JORGE ALBERTO LUZ RIBEIRO
27 de janeiro de 2026 11:24 amSe BRICS vingar, deixaremos de ser vassalos dos americanos e seremos vassalos da China. Acredito que sera pior, pois o imperio chinês é uma ditadura política, sem liberdade e garantias individuais.
Renato Lazzari
29 de janeiro de 2026 5:50 pmNão é necessário sermos vassalos de nenhum outro país. Antes, temos quase tudo que é necessário para sermos um país independente, soberano e democraticamente próspero e justo, faltando só uma coisa: só falta a gente ter consciência de que ninguém precisa ser vassalo de ninguém, a consciência de que é possível ser independente. Claro, junto com a consciência de que independência se conquista pela luta contra os que desejam ser dominadores ou “líderes na força bruta”…
VIRGILIO COSTA CARNEIRO
27 de janeiro de 2026 6:13 amO País está lutando para um independência política, comercial e financeira. Mas será que vamos conseguir? Se na troca de governo a presidência cair nas mãos do PL ou de um bolsonarista tda esses esforços serão vão.
VIRGILIO COSTA CARNEIRO
27 de janeiro de 2026 6:19 amO País está lutando para um independência política, comercial e financeira. Mas será que vamos conseguir? Se na troca de governo a presidência cair nas mãos do PL ou de um bolsonarista tda esses esforços serão vão. Os norte americanos nem precisarão subornar nibguem pois esse partido é composto pir traidores e intregalistas.
Roney Barreto
27 de janeiro de 2026 7:03 amCom o uso de tipo de moeda ou metal precioso.
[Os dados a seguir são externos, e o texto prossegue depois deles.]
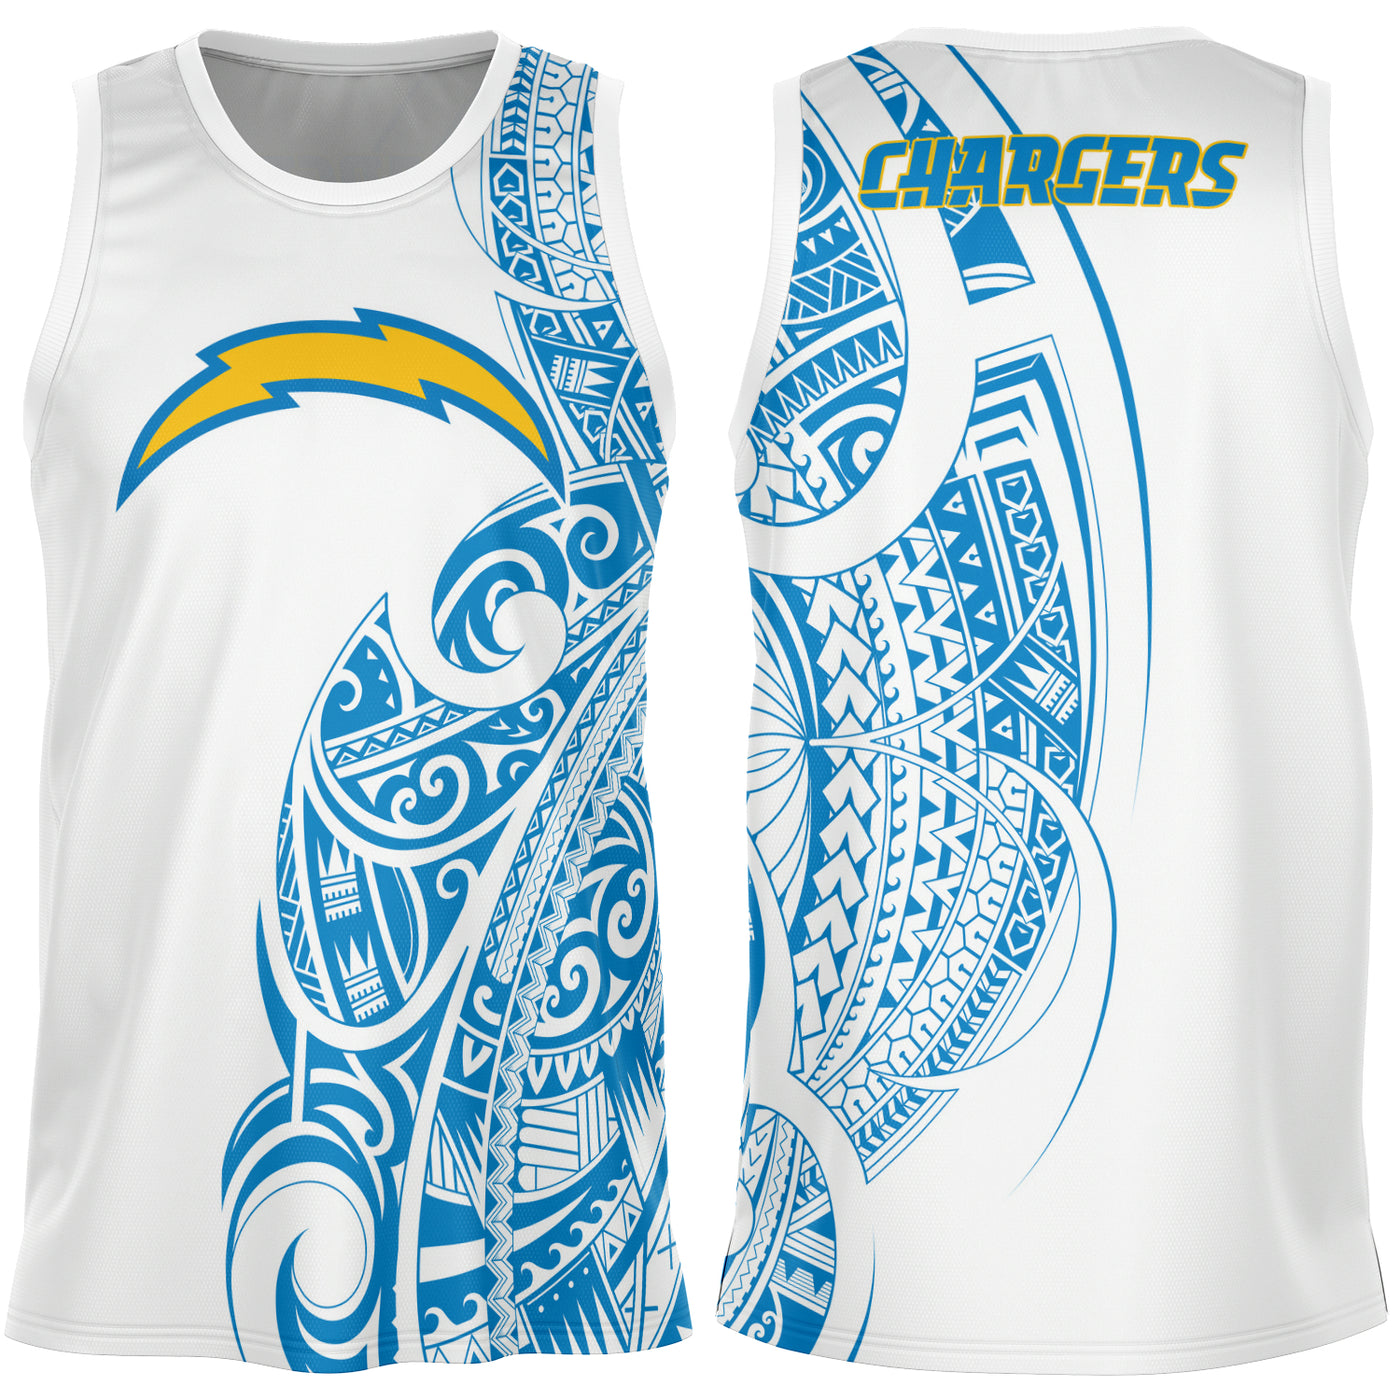 Los Angeles Chargers Pet Mesh Jersey

O importante é que o dólar, orçamento esse domínio que tem sobre todas as do planeta.
E novas negociações de produtos, possam ser negociados com outro tipo de moeda.
ERIK RIBEIRO
27 de janeiro de 2026 7:51 amMuito feliz com essa notícia!
Anônimo
27 de janeiro de 2026 9:01 amNão adianta nada comprar ouro e guardar em bancos ingleses e estadunidenses.
Eles bloquearão a hora que quiserem e nos deixarão pendurados na brocha
Vide Venezuela.
José de Almeida Bispo
27 de janeiro de 2026 9:22 amMoeda estrangeira nunca foi reserva real de valor. A começar pela natureza do dinheiro, um mero vale. Quando as trocas eram intermediadas por moedas de prata e ouro, sim; mesmo assim correndo o risco de excesso, como mais o caso dos impérios, romano, com a prata espanhola; e quinze séculos depois, o império espanhol, com a prata boliviana. Depois que passou a papéis, vales, garantido em última instância só pelos bacamartes… a coisa complicou. Ouro, foi, é e continuará a ser a âncora ideal.
Carlos Poyares
27 de janeiro de 2026 11:21 amQuero receber analises do luis Nassif.
Ellyas Allmeydda
27 de janeiro de 2026 12:53 pmParabéns para o Brasil está certíssimo em abandonar o dólar 👏👏, porque o dólar é uma moeda que não nos favorece em nada apenas atrapalha o nosso crescimento
Luiz
27 de janeiro de 2026 3:37 pmVamos avançando. Necessário avançar ainda mais.
Anônimo
27 de janeiro de 2026 8:11 pmEu mesmo já não uso dólar para importar da China. Sai até 5% mais barato que a cotação do dólar, além de passar por bancos intermediários. Você paga R$ e o dinheiro chega para o fornecedor em Yuan. Se fosse em USD, você teria que pagar R$, transformar em USD, passa por banco intermediário, que come mais um pouquinho do dinheiro para depois chegar na China e transformar em Yuan, pagando mais taxas.
Jose
27 de janeiro de 2026 11:58 pmCada um querendo sentir um tiro no pé. Todos querendo debandar pro lado chinês e outros. É recentimento? Parece. O mundo ocidental tem suas raízes no capitalismo e quem se rebelou para o socialismo já conhecemos no que deu. A miséria!
José Machado
28 de janeiro de 2026 1:27 pmOs Brics já vinham implantando esses sistemas de trocas entre moedas entre eles já faz alguns anos.
Com certeza já está funcionando.
Um detalhe é que a nossa presidenta Dilma Rousseff, presidente do Banco Brics, está nesse epicentro.
Mas, a situação política americana é muito grave. Especialmente com seus aliados: Europeus (OTAN) e Canadenses.
Só ainda não detonou outros como o Japão e Austrália.